Diyarbakır’ın Bağlar ilçesi Tavşantepe Mahallesi’nde 21 Ağustos’ta kaybolan, 8 Eylül’de Eğertutmaz Deresi’nde cansız bedenine ulaşılan 8 yaşındaki Narin Güran’ın öldürülmesine ilişkin davada Cumhuriyet savcısı, mütalaasını hazırladı.
Diyarbakır 8. Ağır Ceza Mahkemesi'ne sunulan 16 sayfalık mütalaada, Narin Güran'ın 21 Ağustos günü gündüz saatlerinde kaybolduğu, ilk ihbarın ise saatler sonra ağabeyi Baran Güran tarafından saat 20:43 sıralarında yapıldığı belirtildi.
Savcı, ihbarın üzerine köyde arama çalışması başlatıldığını ancak arama çalışmalarının daha ikinci gününde ailenin kolluğu yanlış yönlendirmeye başladığını belirtti.
"Soruşturmayı Suriyelilere yönlendirmeye çalıştılar"
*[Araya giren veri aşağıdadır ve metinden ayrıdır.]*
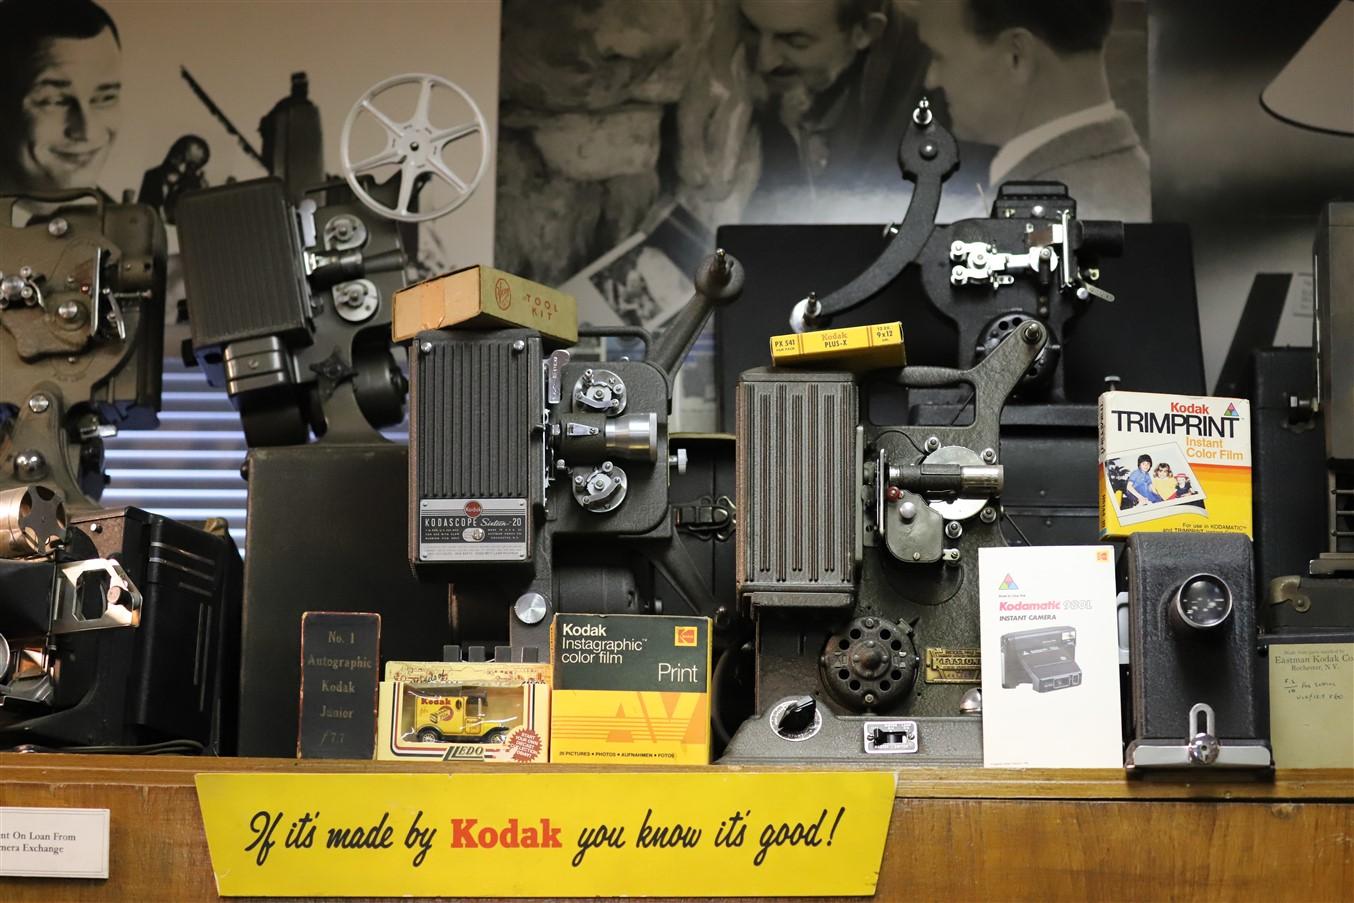 2018 08 04 81 Pittsburgh Photo Antiquities Museum.jpg

Aramaların devam ettiği sırada Narin’in kuzeni Muhammed K.’nin Suriyelilerin kaldığı çadırların yakınında kırmızı renkli bir çocuk terliği bulduğu ve kolluk yerine aileye bilgi verdiği belirtilen mütaalada, ailenin terliğin Narin’e ait olduğunu söyleyerek soruşturmayı, Suriyeli kişilere yönlendirilmeye çalıştıkları ifade edildi.
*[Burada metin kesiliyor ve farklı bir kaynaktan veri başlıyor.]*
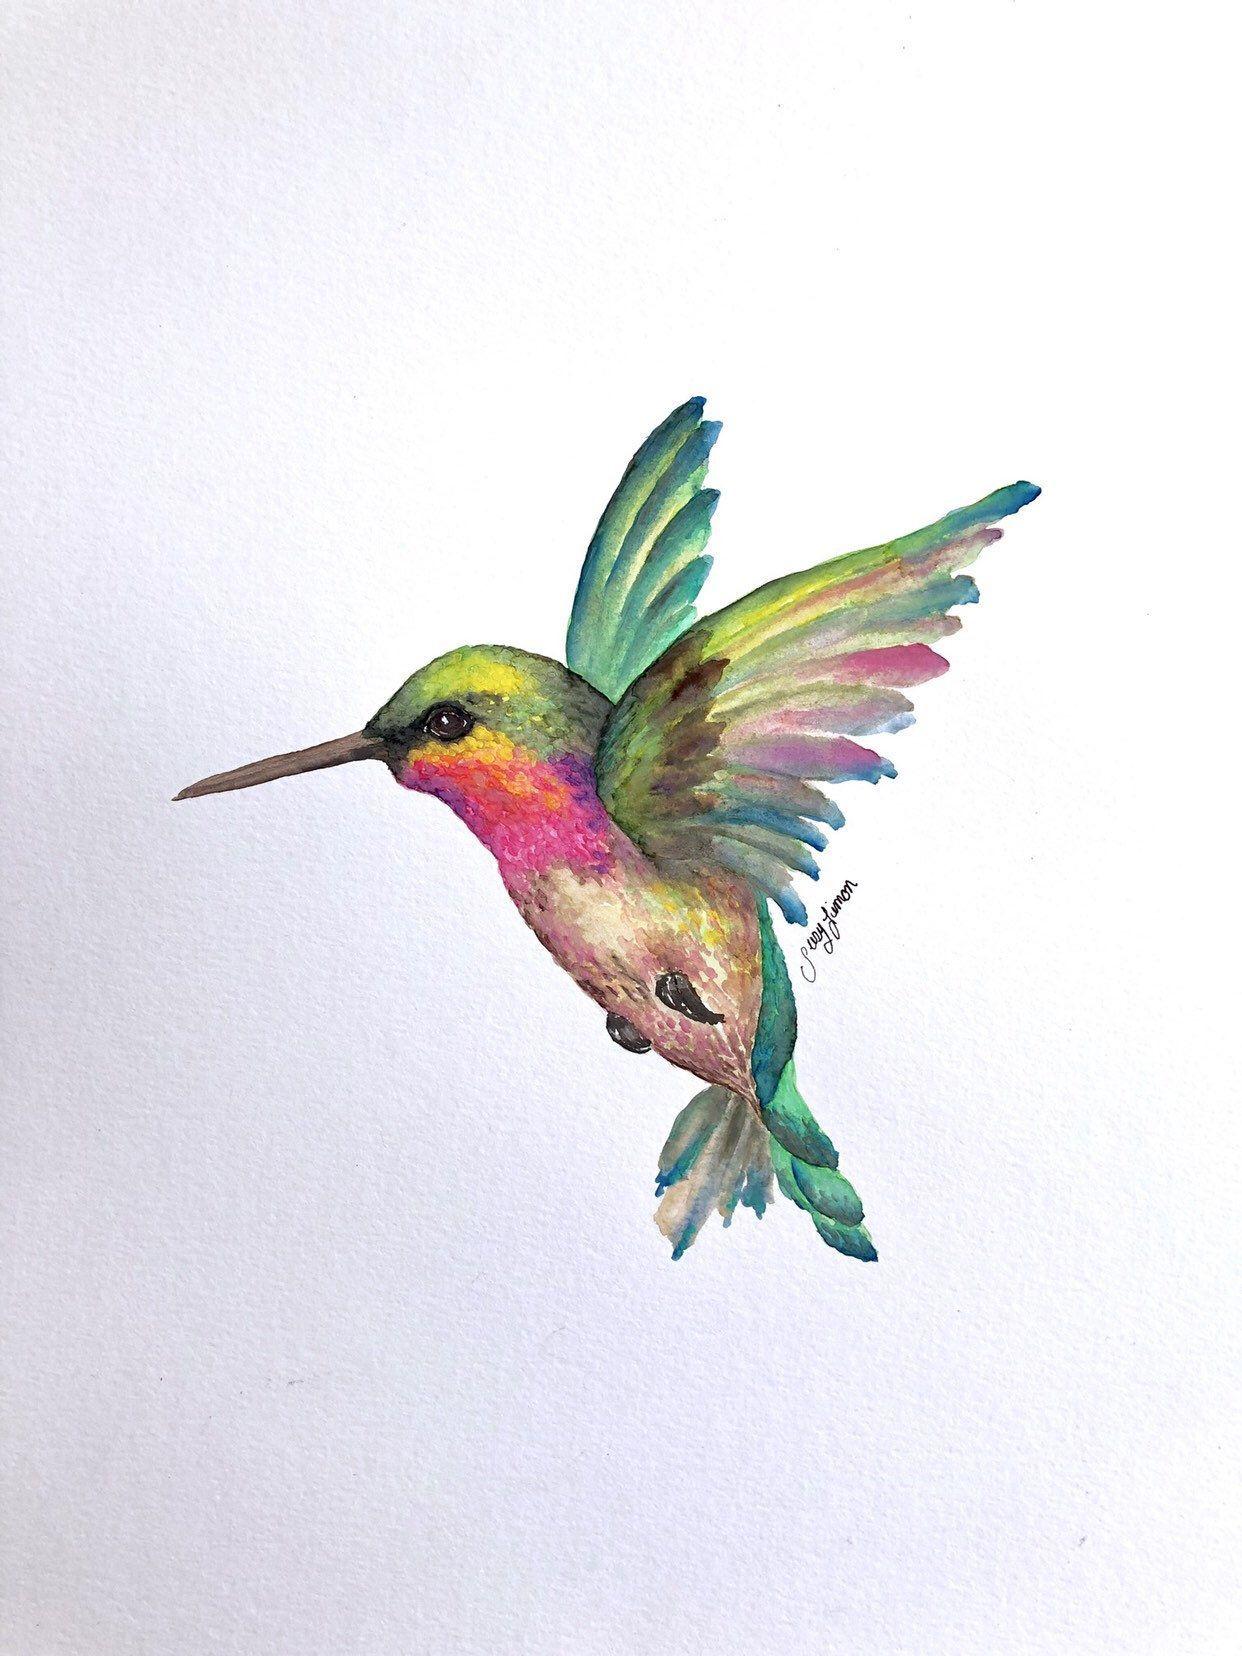 Pin Von Hendrien Emmers Auf Drawing In 2020 Kolibri Malerei

Mitalaada, amca Salim Güran’ın da muhtar olması sebebiyle sürekli kollukla birlikte hareket ettiği ve sergilediği şüpheli tavırların tutanak altına alındığı yer aldı.
Savcı, Narin kaybolduktan üç gün sonra çıkan yangına da dikkat çekti.
24 Ağustos akşamı 21:00 sıralarında Tavşantepe mahallesinde çıkan yangının hava koşulları nedeniyle değil, dış bir müdahaleyle olabileceği belirtildi. Yangın bölgesinin Güran ailesine yakın olduğu ifade edilen mütalaada “yangının arama çalışmalarını etkilemek, Narin Güran’ın bulunmaması amacıyla organize edildiği” vurgulandı.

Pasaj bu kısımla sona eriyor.